11. Jefferson’s 2nd Term • Jefferson deals with the impressment issue by asking for an embargo, or block of trade, against both Great Britain and France. • Congress passes the Embargo Act of 1807. The main victim of the law was neither Great Britain nor France—it was the U.S. merchants who could no longer trade with either country.
11. Jefferson’s 2nd Term • The Embargo Act proves EXTREMELY unpopular and Jefferson’s popularity suffers as a result. • Eventually, Congress repealed the Embargo Act and replaced it with the Non-Intercourse Act. • The Non-Intercourse Act was no more successful than the Embargo Act. American merchants and shipowners suffered greatly. • Jefferson leaves office with a loss of respect.

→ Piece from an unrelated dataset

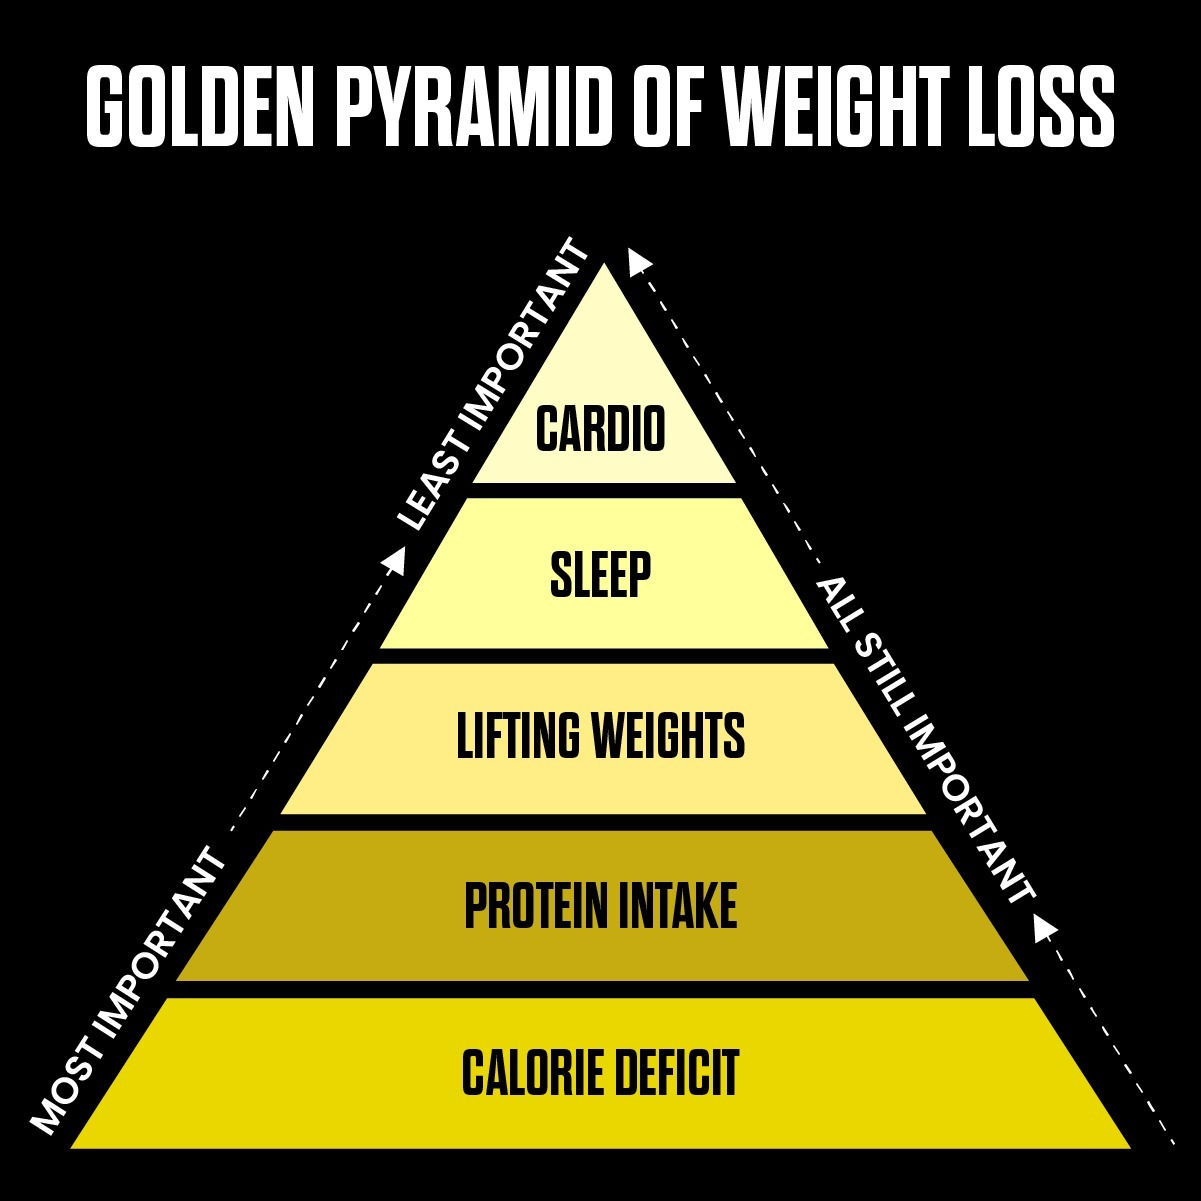 Golden Pyramid of Weight Loss Explained by Abhinav Malhotra - Best Personal Trainer Dubai UAE

12. Jefferson after the Presidency • James Madison, the author of the Constitution, a Democratic-Republican, and Jefferson’s hand-picked successor becomes the next President. • Madison leads the country during the War of 1812.
12. Jefferson after the Presidency • Jefferson renews his friendship with his long-term friend and political rival, John Adams. • Jefferson and Adams exchange tons of letters with each other. • Thomas Jefferson and John Adams both die on the same day: July 4, 1826. It was the 50th anniversary of the Declaration of Independence which both men help write.